Disaggregate the Rack
Intel had the disaggregated rack in mind last year when it announced a partnership with Corning, Molex, Tyco Electronics, and US Conec to develop MXC optical cables capable of delivering data at 800Gb/s up to 300 meters in each direction. The cables promise to be smaller and more bendable than copper for deployment in tight spaces. MXC interface technology uses micro lenses to provide very high density and exceptional functionality and reliability for data center environments.

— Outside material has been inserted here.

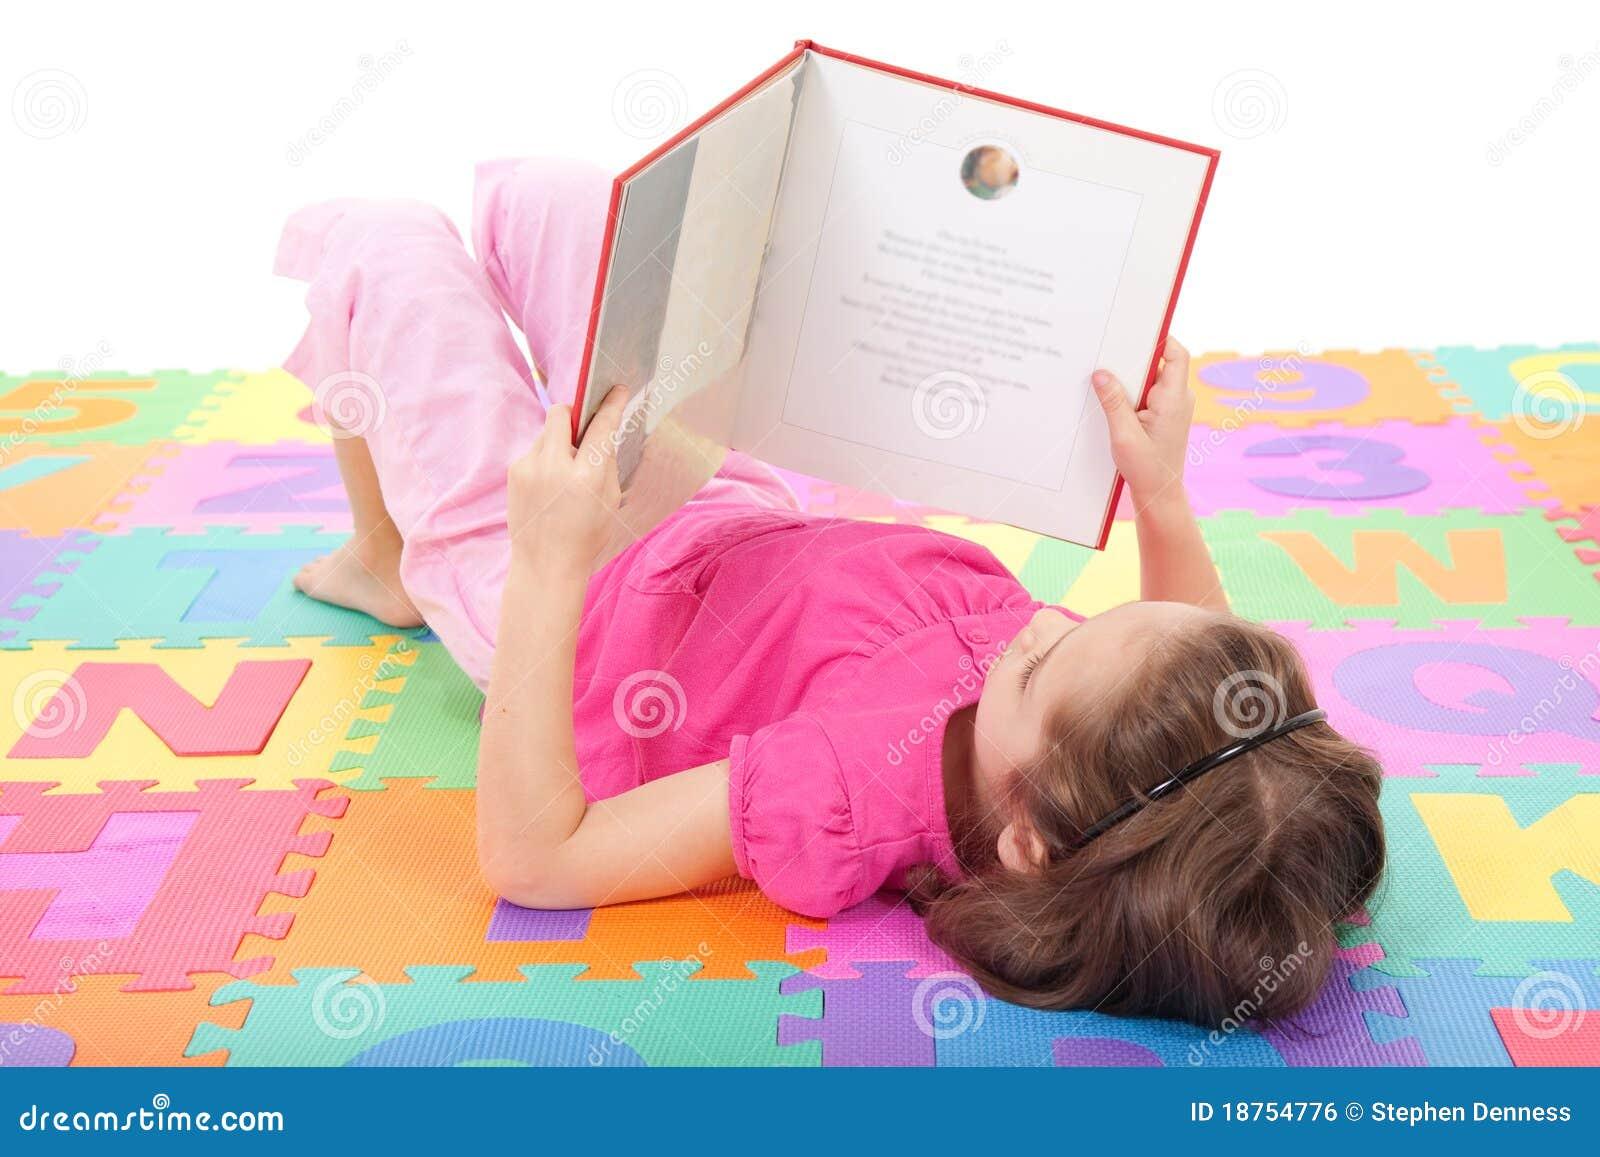 child reading kids book on alphabet royalty free stock image

“MXC interfaces offer a density improvement of 40% over traditional MPO/MTP interconnects,” said Tom Marrapode, director of advanced technology development for Molex Optical Solutions, which offers a wide range of connectivity solutions for telecom, data center, military, and medical markets. “MXC is easier to use mechanically due to the incorporation of an RJ-style latch versus MPOs’ push-pull latching. Higher front panel densities can be achieved.” The company’s MXC cable assemblies with 12 to 48 multimode OM3 or OM4 fibers are available with receptacles that mount into panel cutouts, and internal ribbon fiber assemblies connecting to active devices.
Who Will Migrate First?
Widespread adoption of silicon photonics technology will not happen overnight. In many cases, it simply is not realistic for a data center manager to disrupt operations and replace all the equipment for bleeding-edge fiber and cable. Further, this past February, Intel announced it would delay shipments of its silicon photonics modules and in turn, the cables will not be installed in servers before the end of the year. The earliest adopters of silicon photonics technology will be the enterprises that have both the greatest data-intensive systems and the resources to scale up their facilities all at once. For most enterprises, however, the migration to silicon photonics will be gradual.

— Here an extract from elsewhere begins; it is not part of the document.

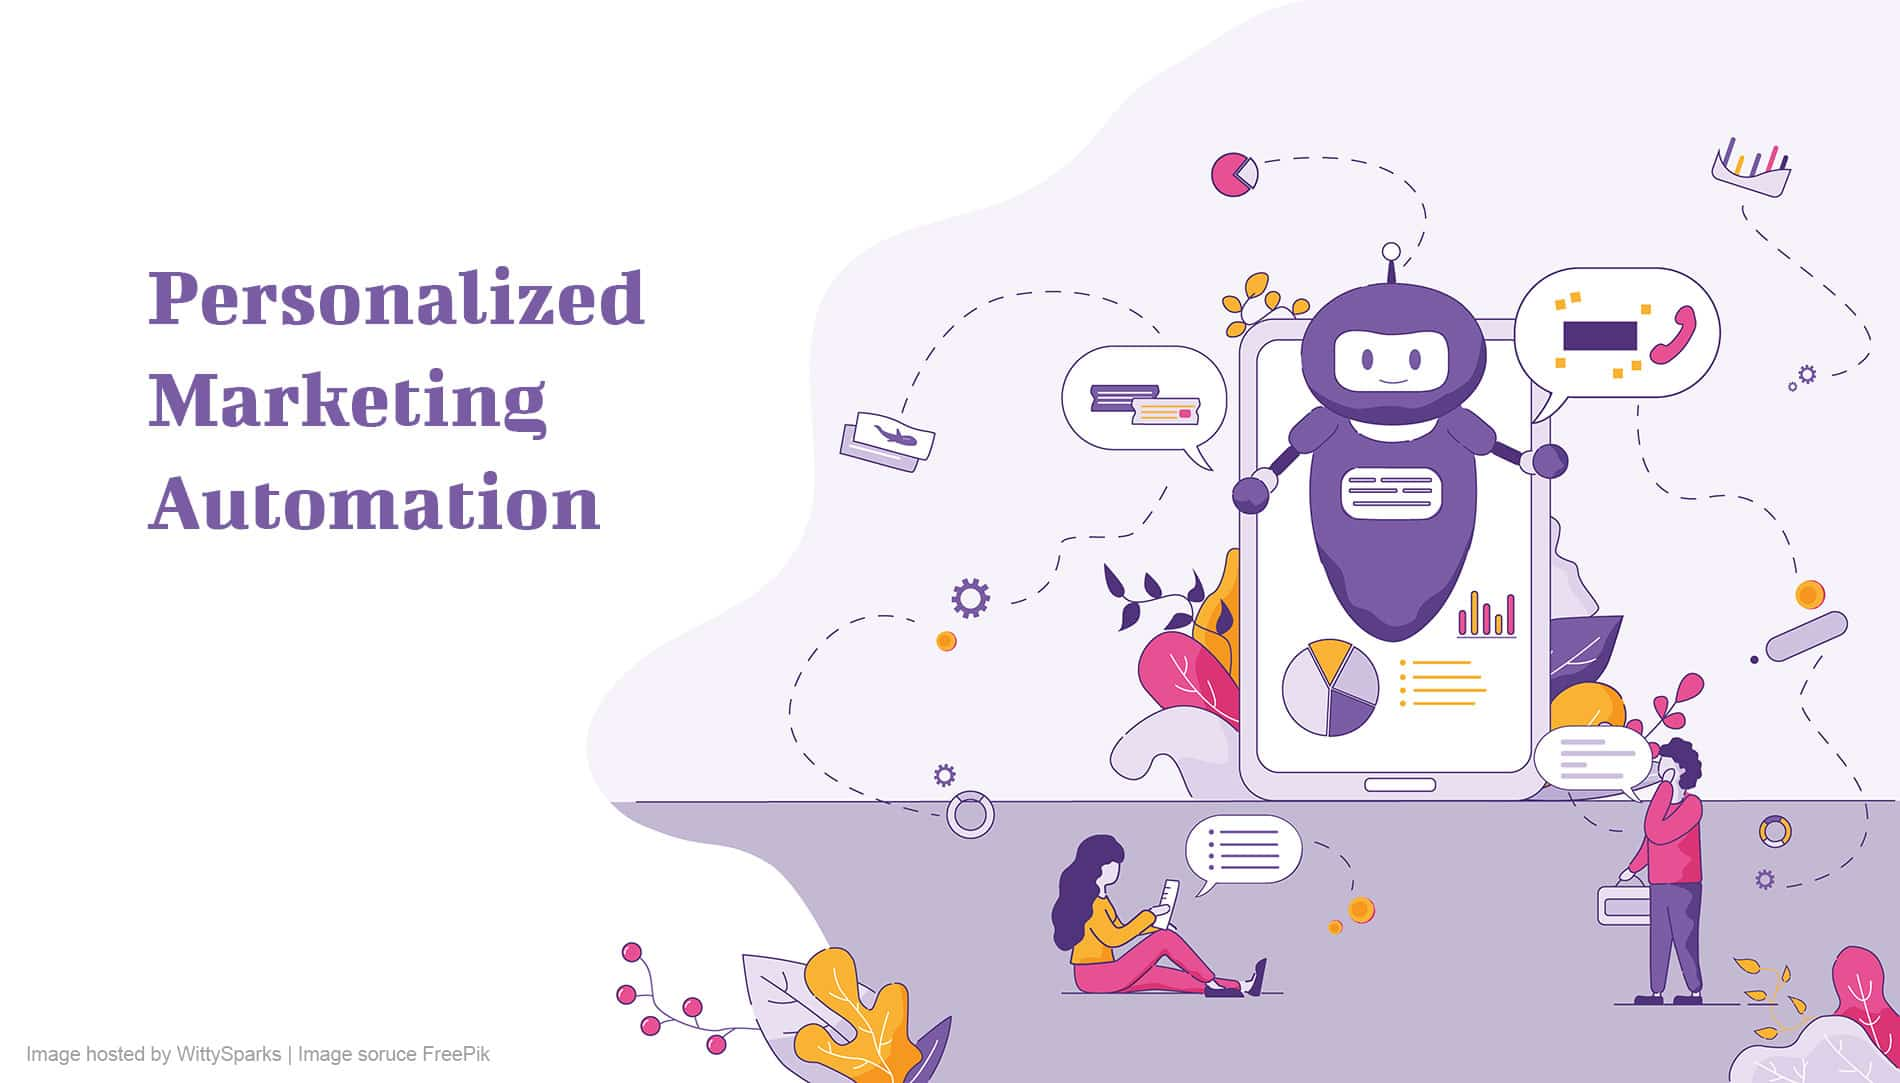 Personalized Marketing Automation

Expect copper, multimode VCSEL-based laser technology, and silicon-photonics-based devices to coexist in the market for a few more years. During that time, connector vendors will continue to offer industry standard QSFP and SFP form factors for customers that want the flexibility to migrate from 10Gb/s and 40Gb/s solutions to speeds that reach 100Gb/s as their needs, economics, and multiplexing technologies make sense.
According to Kevin Deierling of Mellanox, the beauty of silicon photonics is that “you can lay down some single-mode fiber plants and know that you can go higher speed modulation, you can go WDM, then you can just keep driving more and more data through the same pipes that you already laid.”
The Sky’s the Limit
Whether enterprises scale up all at once or take a more gradual approach, silicon photonics technology will drive the data center’s future. Higher bandwidths, less cabling, and better reach will ensure that companies can scale up their cloud computing infrastructures flexibly and economically to meet society’s ever-increasing demands for big data.
Author Chris Warner is a freelance technology writer who comes from an old Western Electric family. He has more than 15 years experience in covering the electronic components industry.